Перекрестился Душан, переступил через порог и за перегородку заглянул – там другая горенка, только поменьше, тоже совсем пустая, имелась.

Скинул Душан с плеч котомку, очертил с молитвой ножом между стеной и печью на плотном земляном полу круг и стал в нем устраиваться на ночь. Хоть и раскрыт был со всех сторон приют, а все же спокойнее, чем в лесу!

Сунул Душан сумку в изголовье, положил рядом с собой штап и нож, растянулся на полу и как потекла усталь из ног в землю… Приник немного погодя ухом – тишина везде нерушимая!.. месяц желтый прямо в лицо глядит, окно словно в воде на полу отражается… И как камень ко дну пошел Душан – уснул!

* * *

Обеспокоило что-то во сне сердце Душана… он открыл глаза.

Горенка по-прежнему задымлена месячным светом; у стены бугорок краснеет – большой кусок мяса как будто; нож блестит в него воткнутый…

Заморгал глазами Душан и сел.

– Сплю, что ли, я?.. – Пусто ведь было в хате, не лежало ничего у стены?

И только повел так в мыслях – похолодел весь: из-за угла печи фосфорные глаза на него уставились; показались густые усы и сизое широкое лицо.

С минуту вглядывался человек в Душана; на бритые щеки всползла усмешка.

– Проснулся, брате? – сипло выговорил. – Здорово же ты спал! Добро пожаловать; вставай, вечерять вместе будем!..

И засопел, причмокнул; потом повернулся, грузно пошел к мясу и сел.

– Иди же?.. – повторил.

У Душана отлегло от сердца: не тронул его незнакомец, вечерять зовет, значит, добрый человек!

Есть Душану не хотелось – все кости разломило от ночного похода… лег опять.

– Спасибо!.. – ответил. – Сыт я… притомился очень!..

Что-то проворчал человек, стал есть один… будто лошадь рядом ячмень захрустела.

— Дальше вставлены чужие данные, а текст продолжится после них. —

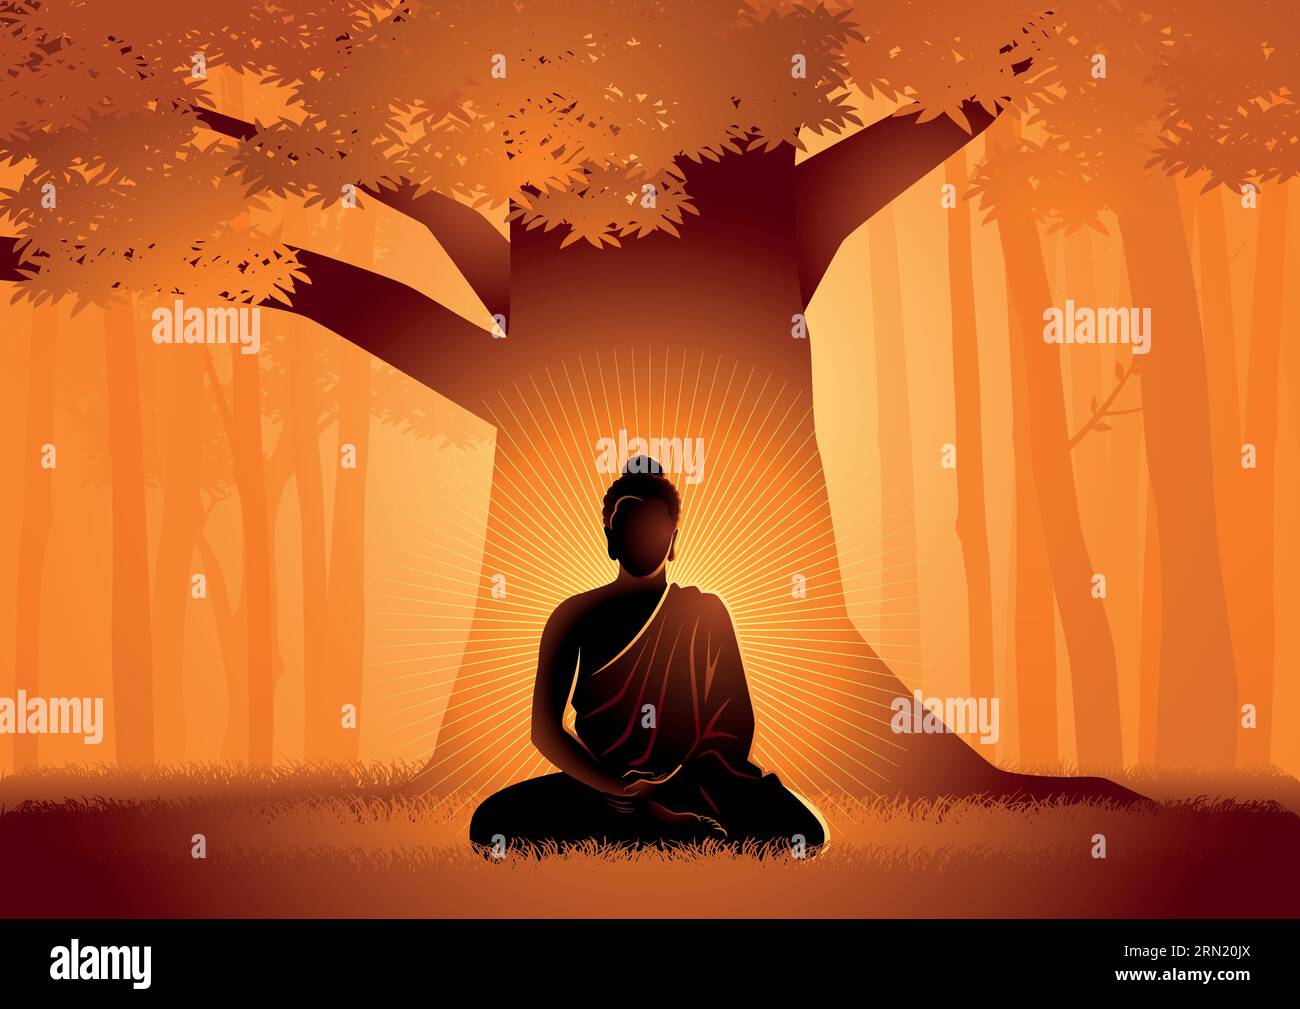 Illustration vectorielle de Siddhartha Gautama éclairée sous l'arbre de Bodhi, illumination du Bouddha sous l'arbre de Bodhi Illustration de Vecteur

Опять потонул – уснул Душан.

* * *

Во второй раз проснулся он.

В хате темней стало – месяц закатываться начал; между стеной и печью, шагах в двух расстояния, на корточках сидел тот же человек; руки его были вытянуты, он не то шарил что-то, не то старался дотянуться до Душана; волчьи глаза освещали лицо – оно стало совсем черно-синее.

– Брате, подойти поближе ко мне?.. – пробормотал незнакомец. – Слово тебе скажу великое!..

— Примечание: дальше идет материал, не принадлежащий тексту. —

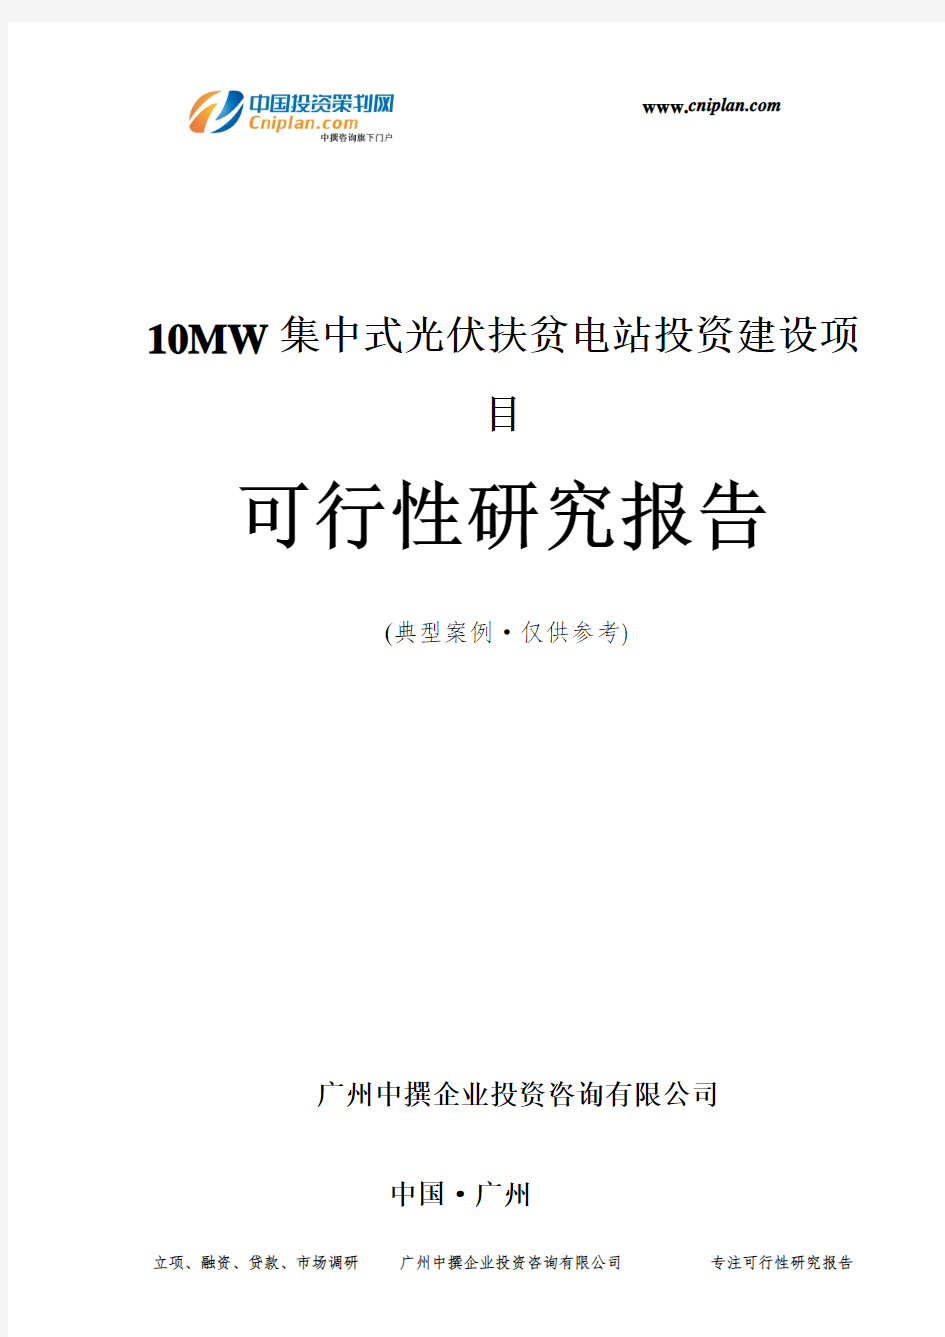 10MW集中式光伏扶贫电站投资建设项目可行性研究报告-广州中撰咨询

Упал головой назад, на сумку, Душан и ничего не слыхал и не видал больше…

Утром поздно поднялся он – солнце давно заливало светом хату. Потерь он ладонями лицо и сразу вспомнил происшедшее.

Смотрит – нет ничего кругом, горенка пуста по-прежнему.

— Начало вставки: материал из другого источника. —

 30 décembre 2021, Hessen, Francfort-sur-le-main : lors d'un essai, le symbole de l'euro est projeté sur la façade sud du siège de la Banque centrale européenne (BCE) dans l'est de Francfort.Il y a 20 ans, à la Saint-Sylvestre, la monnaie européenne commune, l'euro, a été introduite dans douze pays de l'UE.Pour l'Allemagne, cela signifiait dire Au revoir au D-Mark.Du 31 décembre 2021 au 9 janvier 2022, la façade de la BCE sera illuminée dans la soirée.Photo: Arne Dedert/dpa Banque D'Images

Поднялся Душан, заглянул в соседнюю – и там никого… в выбитое окно лиловые шишки бурьяна засматривают. Перекрестился Душан.

– Какой чудной сон пригрезился?!.. – подумал.

Вышел на улицу; радость охватила от тепла, от света, от благополучия. Огляделся он, узнал на синем небе свои далекие горы и зашагал вниз, по направлению к ним.

* * *

Под вечер Душан сидел за чашей вина на постоялом дворе в том селе, куда думал попасть накануне, и рассказывал, что с ним случилось.

Его слушали, дымя длинными черешневыми трубками, несколько сивоусых селяков.

– Не сон ты видал!.. – проговорил один, прижимая пальцем табак. – Упырь это к тебе являлся!.. Счастье твое, что догадался круг святой очертить: иначе лежать бы тебе сейчас в той хате покойником!..

Париж, 1926 г.

В стране сказки

Далеко-далеко на горах Балканского полуострова свила свое орлиное гнездо старая Сербия.

Внутренняя жизнь ее мало кому известна, а между тем, стоит заглянуть в нее!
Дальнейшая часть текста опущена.